Dear my dearest sister

Mobil melesat di jalanan yang mulai melenggang. Sang pengemudi menjalankannya seperti orang yang sedang kesetanan. Lampu-lampu masih setia menerangi gelapnya jalan karena terbalut sang malam. Suasana di luar dingin menyakitkan, tapi di dalam mobilpun tak kalah mencekam.

Penumpang di dalamnya menatap ke arah luar dengan nanar. Dipeluknya seorang lelaki kecil di sampingnya yang kini sedang terlelap. Ia sebisa mungkin menahan agar matanya tidak kebobolan mengeluarkan air yang sangat ia benci seumur hidupnya sekalipun ia adalah seorang perempuan. Menguat-nguatkan hatinya sepanjang perjalanan. Padahal ia sendiri sangatlah paham bahwa jiwa dan raganya amatlah pegal.

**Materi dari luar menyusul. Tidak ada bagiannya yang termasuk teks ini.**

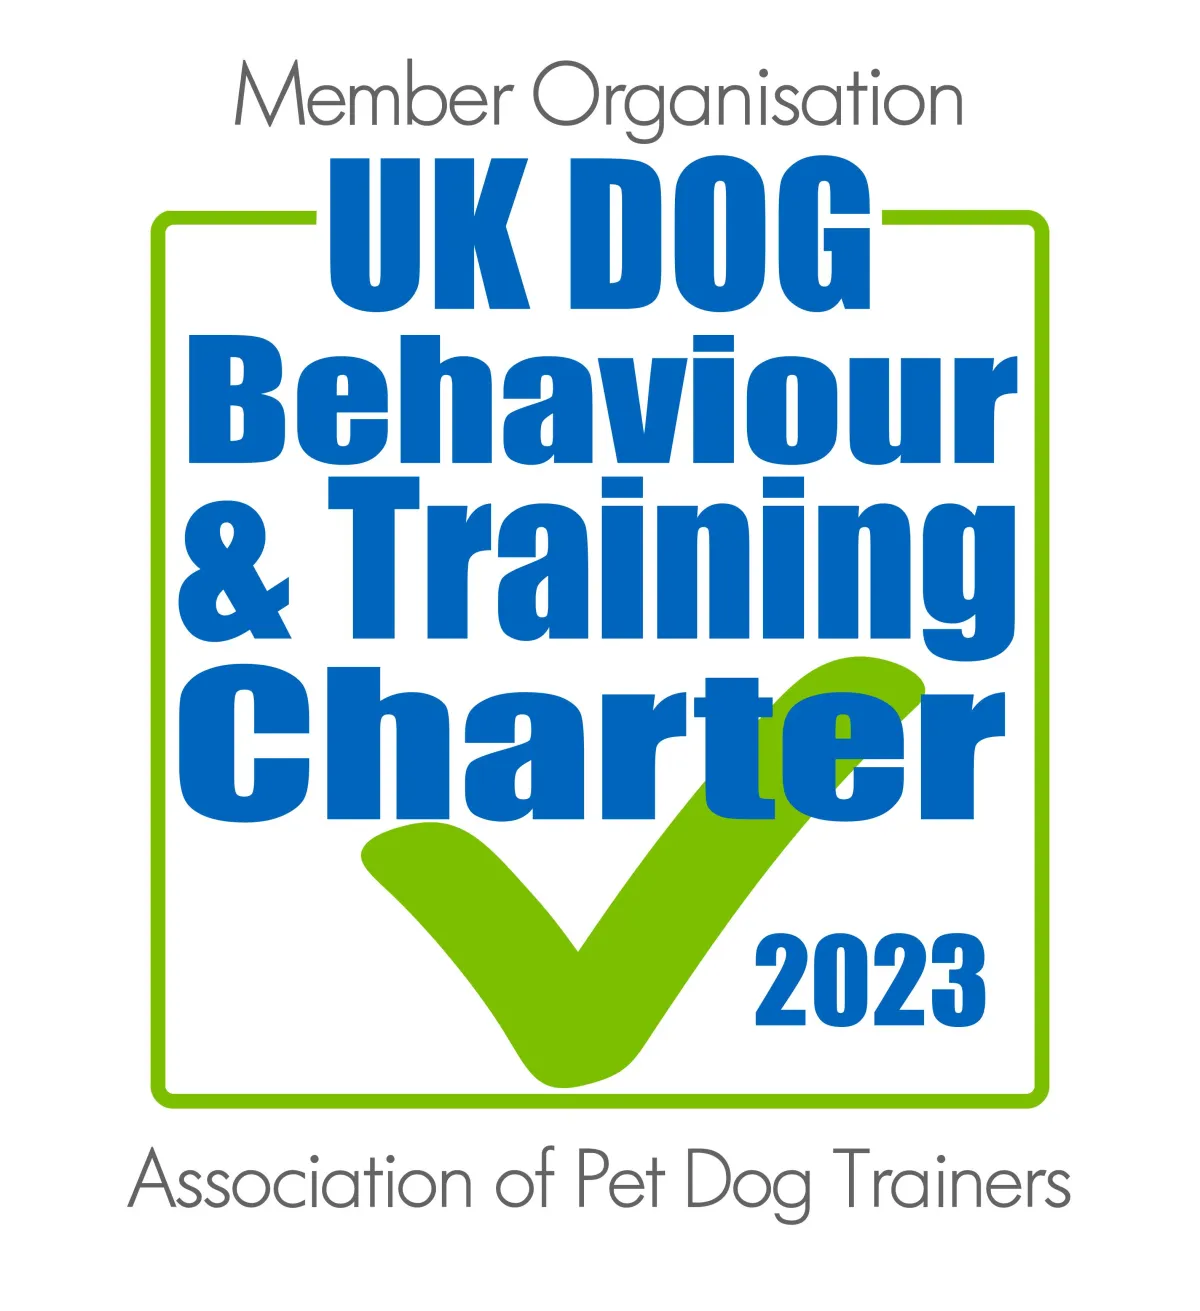 behaviour charter logo

Kenangan masa lalu bersama sang ayah masihlah terkenang jelas sebagai sebuah peristiwa pahit yang meninggalkan sebuah luka yang cukup dalam. Penumpang perempuan lain yang duduk di jok depan berkali-kali melihat ke arah kaca depan yang memantulkan refleksi keadaan di jok belakang. Tidak ada satupun yang berani angkat suara. Jam di dashbor mobil terus berdetak. Terasa amat lambat seolah mengejek mereka semua agar terjebak dalam situasi menyebalkan dalam tempo waktu yang cukup lama. Terdengar sebuah helaan nafas dari arah jok belakang. Perempuan yang duduk di jok depan amat yakin bahwa si perempuan yang duduk di belakang tengah menahan dan menjaga dirinya agar tetap tenang. Setidaknya, selama mereka di perjalanan. Ia tidak tau akan terjadi apa jika mereka telah sampai di tujuan.

Saat yang ditunggu akhirnya tiba. Mobil mulai melangkah memasuki gerbang dan jalan yang sudah amat familiar. Lajunya mulai melambat walau masih ada sisi terburu dan tergesa yang masih terasa. Sebuah pertanda bahwa sang pengemudi juga ingin segera keluar dari situasi yang menyiksa. Perempuan di jok depan menolehkan kepalanya perlahan –sembari berdoa dalam hati agar ia tidak ketahuan-. Mata menyala karena amarah terlihat jelas dalam kelopak sang pengemudi yang tak lain dan tak bukan adalah ayahnya. Sorot mata yang sama yang juga ditunjukkan padanya ketika dulu ia bolos mengaji atau tidak bisa menjawab tajwid yang telah diajarkan sebelumnya.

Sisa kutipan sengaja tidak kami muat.